素月面露尴尬,转眼望去,林瑜却是没大所谓,柔着声道:
“老太太晚上要念经,我若是来晚了,岂非还要耽搁她的功夫?不若早些来,在这里等着老太太醒,才是正正好。”
“属你想得周全,老太太这几日正是忙着,晚了当真见不着。昨儿晚上二爷回来,老太太都没见他。今儿又来了趟,才留他坐了好些时候。”
素月捻着帕子笑,“要不她老人家还睡着呢,被他给说困了。”
林瑜一怔,“二爷昨儿回来了?”
他回来倒也不奇怪,几日前顾家大爷升任两江总督的消息传回了杭州,多年不着家的人,这次要回来省亲一趟,一家人合该围着这位爷转一转。
可他偏偏是昨夜回来的。
素月撇撇嘴,“可不是回来了么,二爷这个人,出去时说的明明是上麓山书院读书。结果几个月回来,说是往扬州做生意去了。好像还赚了不少银子,现下都赞他是经商的能人,早先试错路了呢。”
二爷顾云平是二房独子,今年二十一,比长房那位小了六岁。上次秋闱落榜后,大爷亲自从京城寄信,荐他去南边极负盛名的麓山书院读书,他竟然没去。
林瑜心起疑窦,却只笑了笑,“人各有所长,没想到二爷还有这样的本事。
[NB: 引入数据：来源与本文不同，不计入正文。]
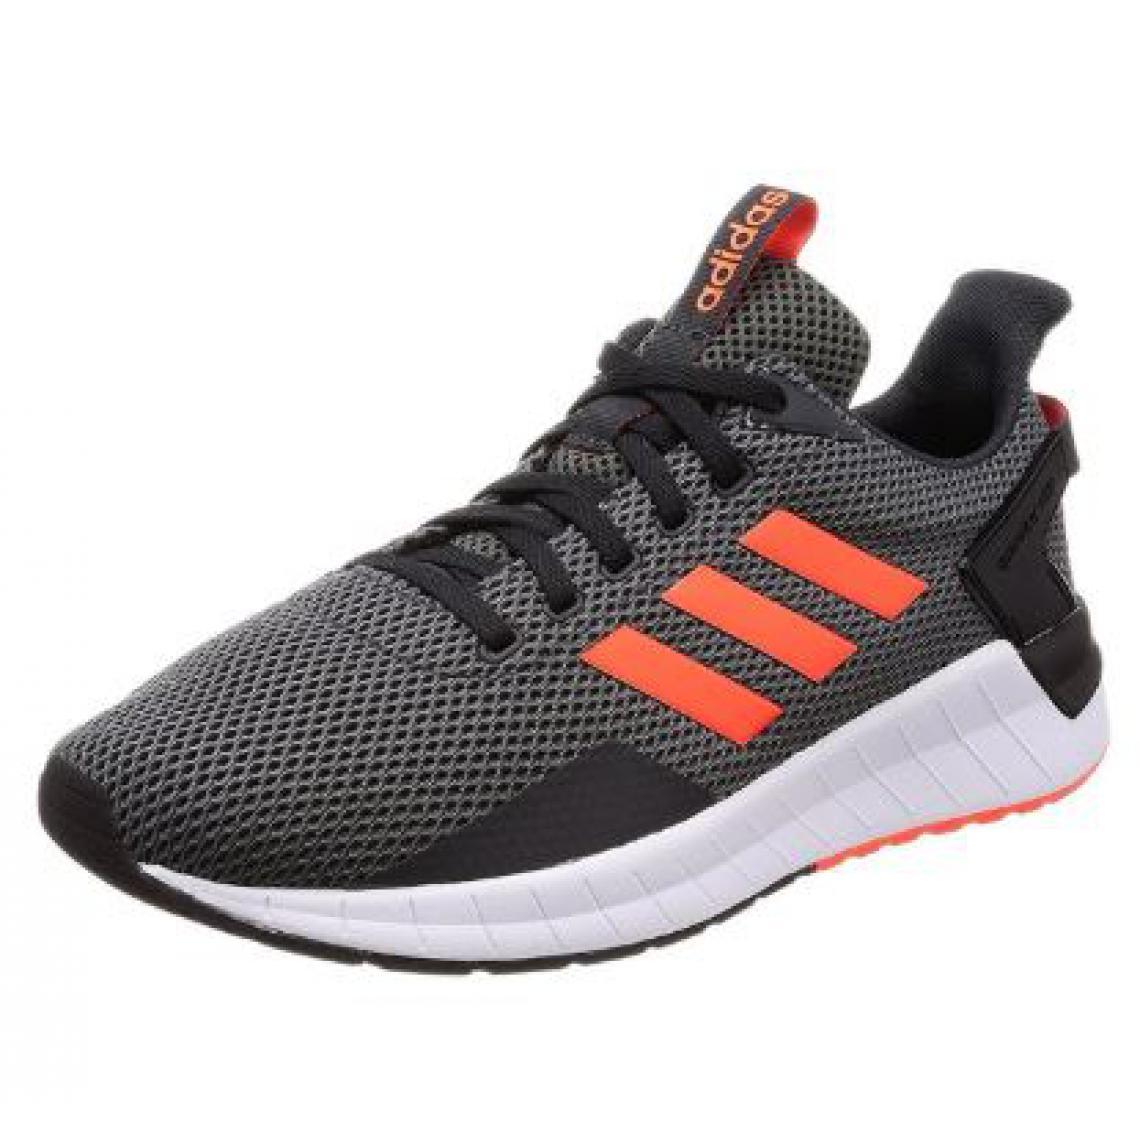 Chaussures De Running Questar Ride Adidas Homme gvy67Ybf

”
她们两人聊得欢快,彩云满不高兴地撇过脸去,“一来就吵死人了,叽叽喳喳。”
素月着力点了点她的额角,“行啦,看你长得漂漂亮亮,分明是个小家碧玉的姑娘。”
彩云被她一夸,脸蛋微微有些发热,抬手去摸时又听素月变了语气:
“偏毁在这张嘴上,我在隔间都叫你吵醒了,快点去倒杯茶来,漆盒里还有包点心,拿来一起吃了。”